Leonardo Bras <[email protected]> wrote:
> When zero-copy-send is enabled, each loop iteration of the
> multifd_send_thread will calls for qio_channel_write_*() twice: The first
> one for sending the header without zero-copy flag and the second one for
> sending the memory pages, with zero-copy flag enabled.
>
> This ends up calling two syscalls per loop iteration, where one should be
> enough.
>
> Also, since the behavior for non-zero-copy write is synchronous, and the
> behavior for zero-copy write is asynchronous, it ends up interleaving
> synchronous and asynchronous writes, hurting performance that could
> otherwise be improved.
>
> The choice of sending the header without the zero-copy flag in a separated
> write happened because the header memory area would be reused in the next
> write, so it was almost certain to have changed before the kernel could
> send the packet.
>
> To send the packet with zero-copy, create an array of header area instead
> of a single one, and use a different header area after each write. Also,
> flush the sending queue after all the headers have been used.
>
> To avoid adding a zero-copy conditional in multifd_send_fill_packet(),
> add a packet parameter (the packet that should be filled). This way it's
> simpler to pick which element of the array will be used as a header.
>
> Suggested-by: Juan Quintela <[email protected]>
> Signed-off-by: Leonardo Bras <[email protected]>
>
> + if (use_zero_copy_send) {
> + p->packet_idx = (p->packet_idx + 1) % HEADER_ARR_SZ;
> +
> + if (!p->packet_idx && (multifd_zero_copy_flush(p->c) < 0)) {
> + break;
> + }
> + header = (void *)p->packet + p->packet_idx * p->packet_len;
Isn't this equivalent to?
header = &(p->packet[p->packet_idx]);
> for (i = 0; i < thread_count; i++) {
> MultiFDSendParams *p = &multifd_send_state->params[i];
> + int j;
For new code you can:
> qemu_mutex_init(&p->mutex);
> qemu_sem_init(&p->sem, 0);
> @@ -940,9 +940,13 @@ int multifd_save_setup(Error **errp)
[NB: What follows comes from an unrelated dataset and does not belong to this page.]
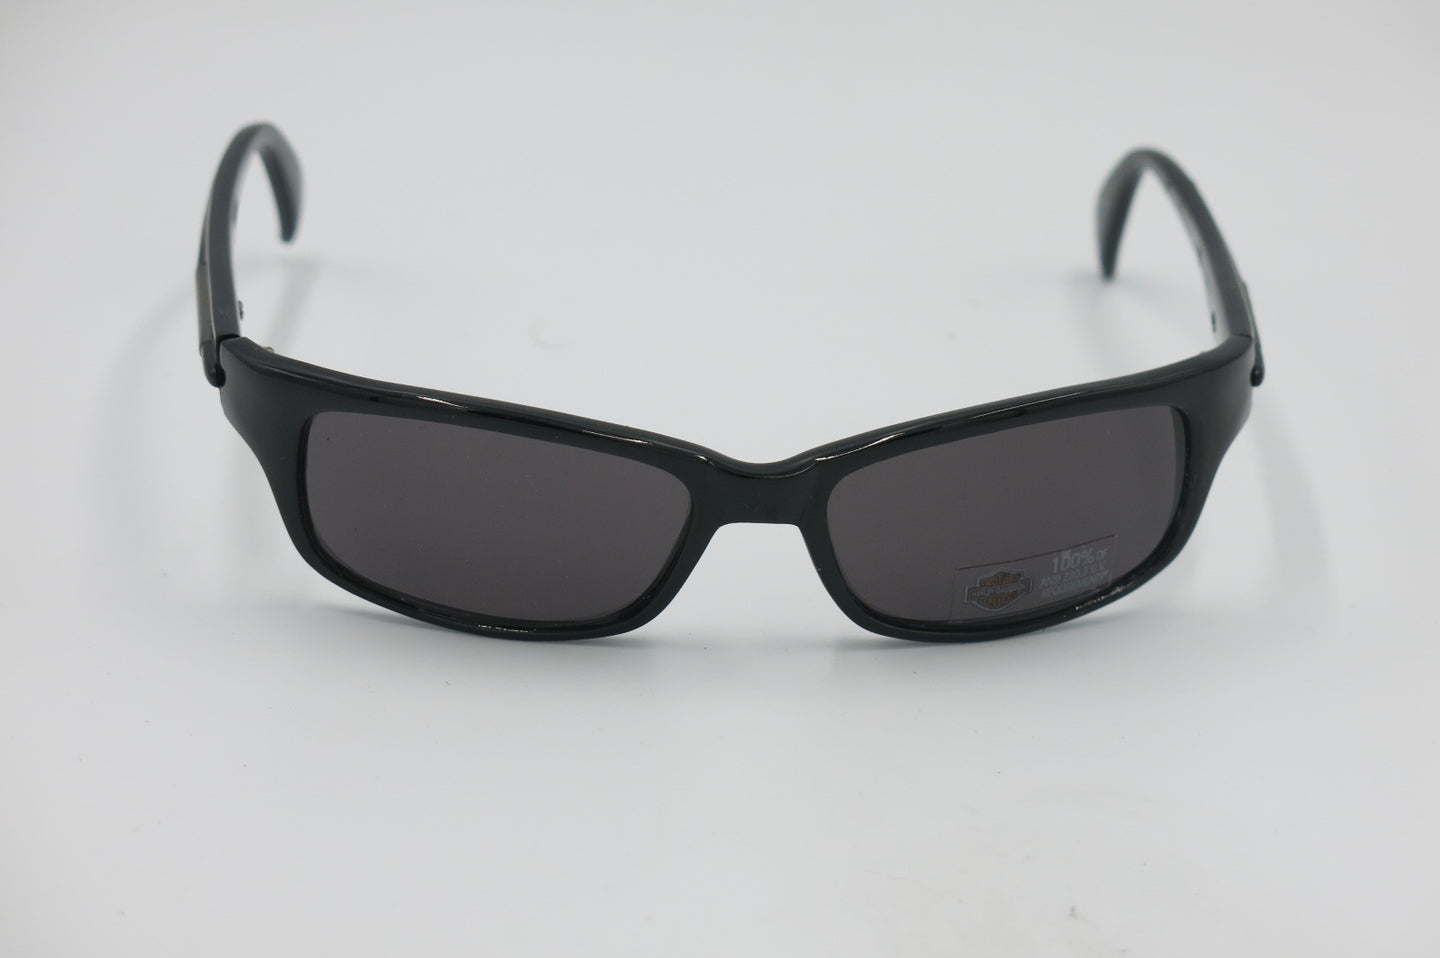 Harley Davidson Sunglasses - 332
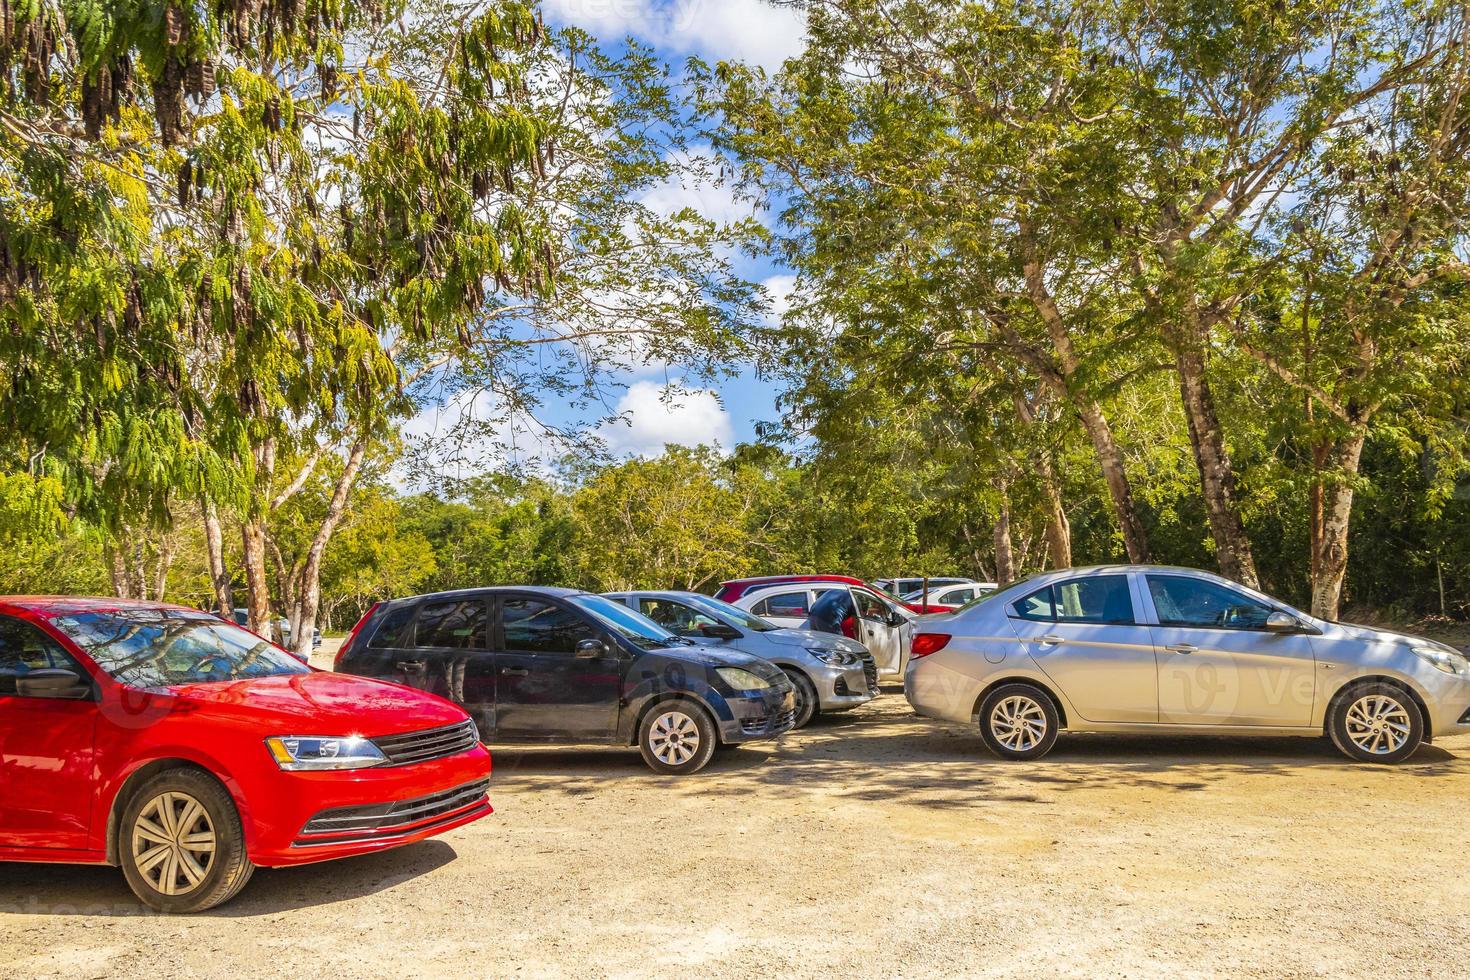 estacionamento com carros jungle para kaan luum lagoon méxico. foto

> p->pages = multifd_pages_init(page_count);
> p->packet_len = sizeof(MultiFDPacket_t)
> + sizeof(uint64_t) * page_count;
> - p->packet = g_malloc0(p->packet_len);
> - p->packet->magic = cpu_to_be32(MULTIFD_MAGIC);
> - p->packet->version = cpu_to_be32(MULTIFD_VERSION);
> + p->packet = g_malloc0_n(HEADER_ARR_SZ, p->packet_len);
> + for (j = 0; j < HEADER_ARR_SZ ; j++) {
for (int j = 0; j < HEADER_ARR_SZ ; j++) {
> + MultiFDPacket_t *packet = (void *)p->packet + j * p->packet_len;
> + packet->magic = cpu_to_be32(MULTIFD_MAGIC);
> + packet->version = cpu_to_be32(MULTIFD_VERSION);
Can't you use here:
packet[j].magic = cpu_to_be32(MULTIFD_MAGIC);
packet[j].version = cpu_to_be32(MULTIFD_VERSION);
And call it a day?
The rest is fine for me. Thanks for the effort.
Later, Juan.